While small, these small insects are incredibly important in their systems. Caddisflies are sensitive to pollution and other environmental changes, and by assessing their presence, stream scientists are able to get a good understanding of a stream’s health. If caddisflies are present and disappear, that may indicate stream conditions have changed enough to a point where caddisflies cannot live there anymore. Alternatively, if caddisflies have not historically been in a stream and appear, that could point to positive changes in a stream’s quality.

Perhaps one of the most important steps to using caddisflies to assess stream quality is knowing how to identify them. With many different types of aquatic insects living in our streams, being able to distinguish a caddisfly from another species ensures that we can be fully sure that we understand the communities in our waters.

Caddisflies have life stages in both the water and on land, but for our purposes we’ll be focusing on the aquatic stage of their life when they are larvae. To identify if an insect is a caddisfly, first look at the shape of its body. These macroinvertebrates, or animals without backbones, have long bodies that are usually smaller than 45 millimeters or about the size of a paperclip. Their heads have hard skin compared to the rest of their bodies and no antennae. They have 3 pairs (or 6 total) legs extending from their middle body segment which is called the thorax. Their abdomen, which is the segment farthest from the head, will be soft and fleshy with branched gills. The most notable feature of many caddisflies is a case that they make out of aquatic debris like branches, rocks and dead plants.

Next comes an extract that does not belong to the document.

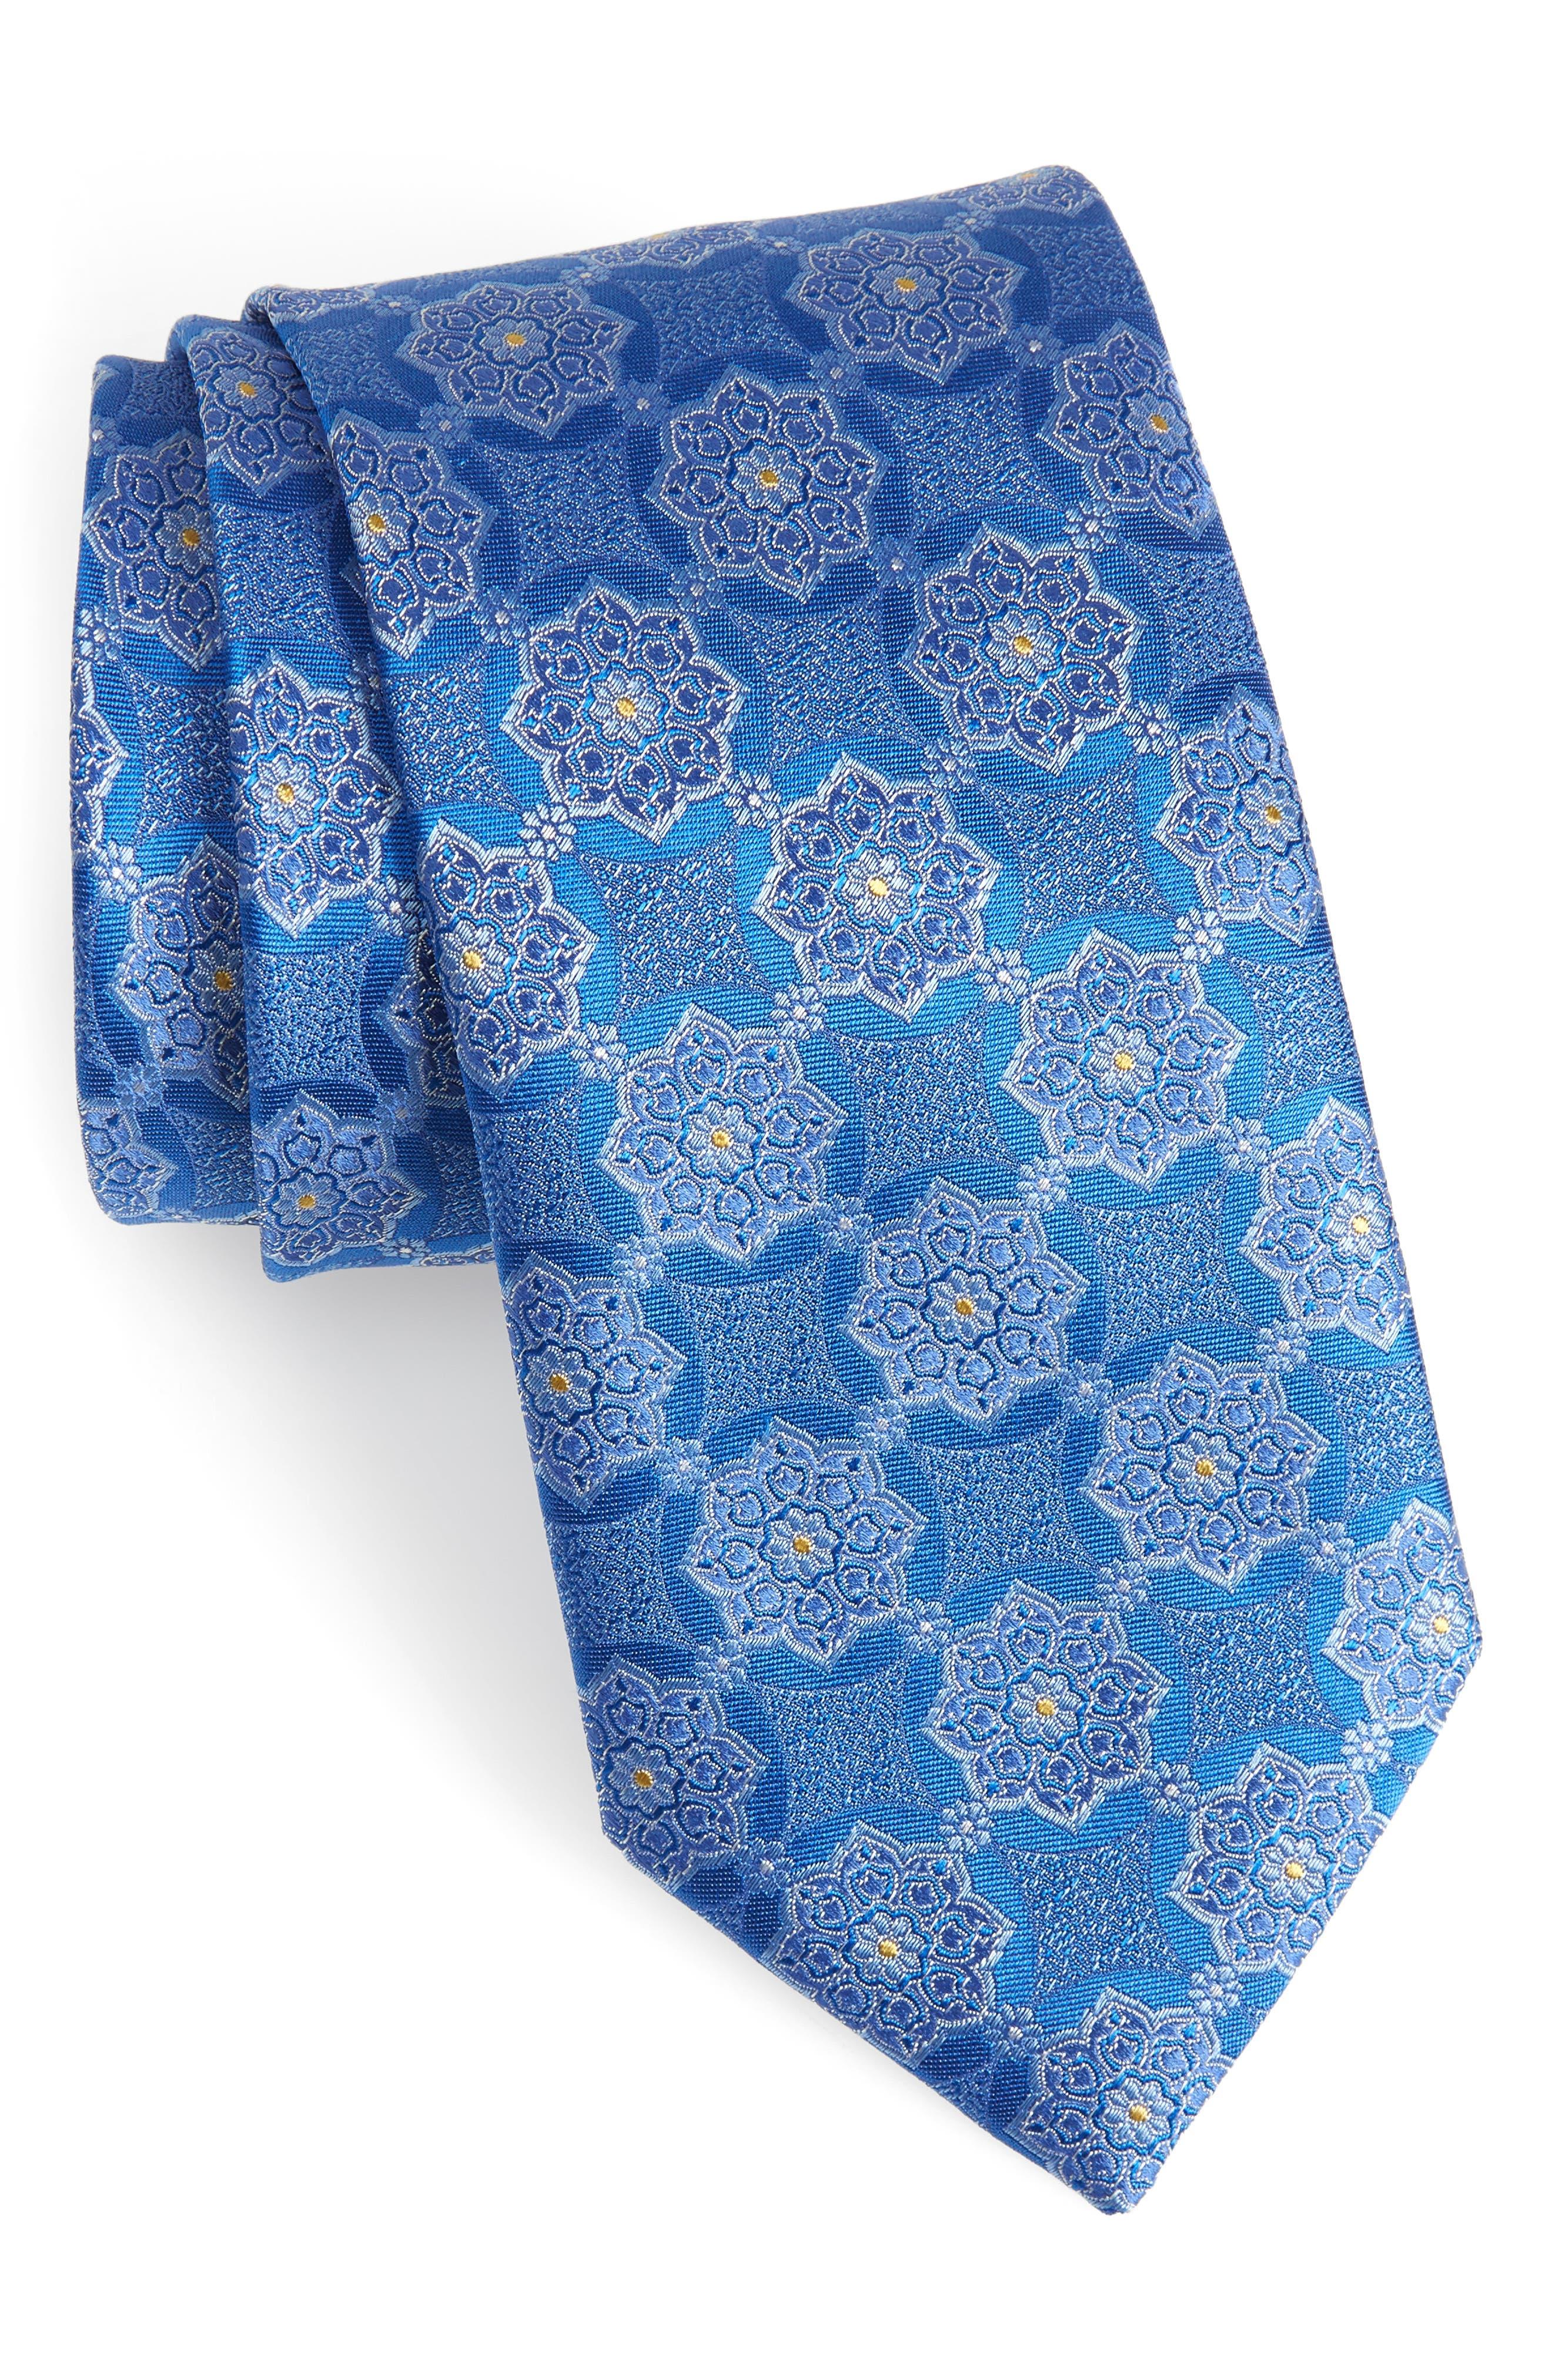 Medallion Silk Tie,                             Main thumbnail 1, color,                             420

Caddisflies are in the taxonomic order Trichoptera and are very closely related to butterflies and moths, and use silk to build their unique cases! Found on rocks, logs, and other objects on streambeds, some caddisflies use silk to spin nets to construct their homes.  When found in large numbers, their silk nets have been known to improve the stability of streambeds around the world. In multiple studies looking at caddisfly larvae’s impact on the stability of the stream bed (also called substrate) during floods, it was found that the presence of certain caddisflies can hold substrate in place in many floods. This is very important because as our waters face more intense flooding caused by climate change, habitat stability for aquatic species is put at risk. Net spinning caddisflies decrease the chances of streambed removal by increasing the stress or pressure needed to push the sand, pebbles, gravel and larger rocks downstream. A stable refuge from stormwater is created in the process, and other species like small fish, crayfish, other aquatic insects and vegetation are less likely to wash away when high velocity flood waters come through.

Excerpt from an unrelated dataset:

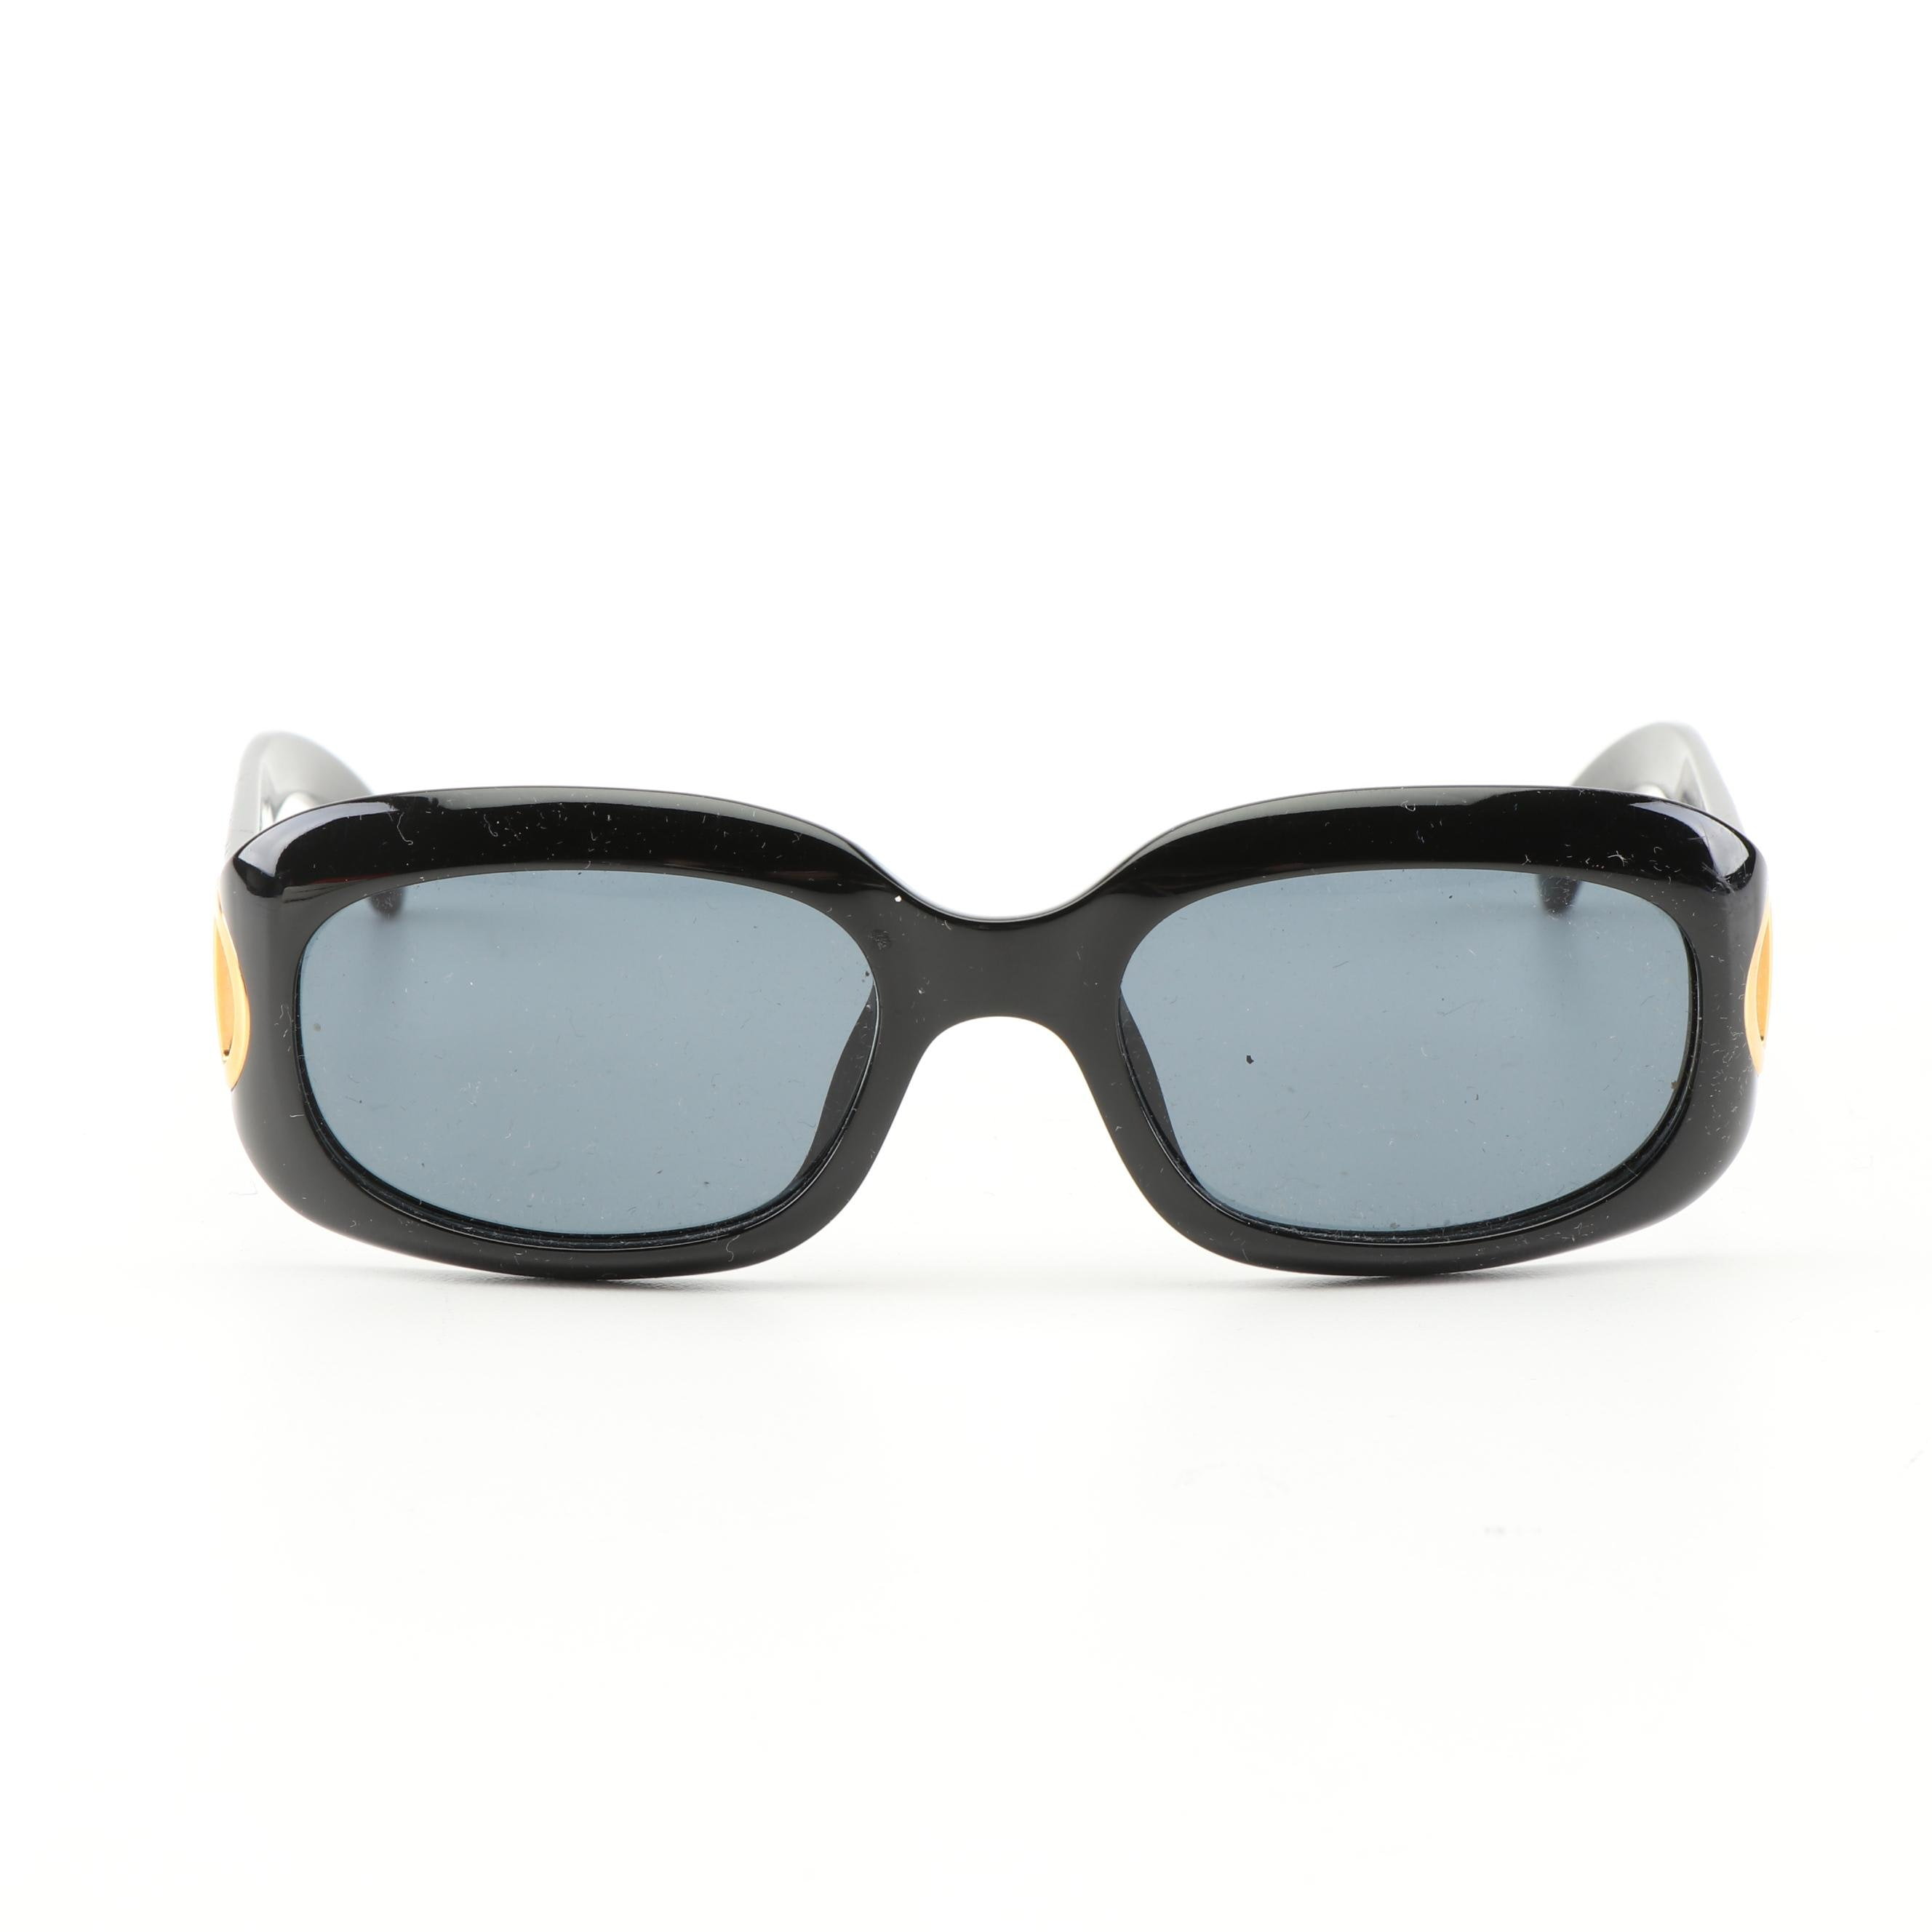 Christian Dior Isadiora Black Sunglasses

Though small, the abundance of caddisfly larvae in our headwaters is important because of their importance in identifying and maintaining a healthy stream habitat. When spinning nets, these larvae are inadvertently benefitting other organisms in their system and ensuring downstream species are not disturbed by excess inflow of sediments. Despite the caddisfly’s small size, the importance of this ecosystem engineer in our local watersheds is very large! While it may take thousands of caddisflies to make an impact, their presence is felt by many stream residents.

By Zack Smith

Resources:

Cardinale, B. J., Gelmann, E. R., & Palmer, M. A. (2004). Net spinning caddisflies as stream ecosystem engineers: the influence of Hydropsyche on benthic substrate stability. Functional Ecology, 18(3), 381-387.

Johnson, M. F., Reid, I., Rice, S. P., & Wood, P. J. (2009). Stabilization of fine gravels by net‐spinning caddisfly larvae. Earth Surface Processes and Landforms, 34(3), 413-423.

Voshell, J. R. (2003). A Guide to Common Freshwater Invertebrates of North America.    McDonald & Woodward Pub.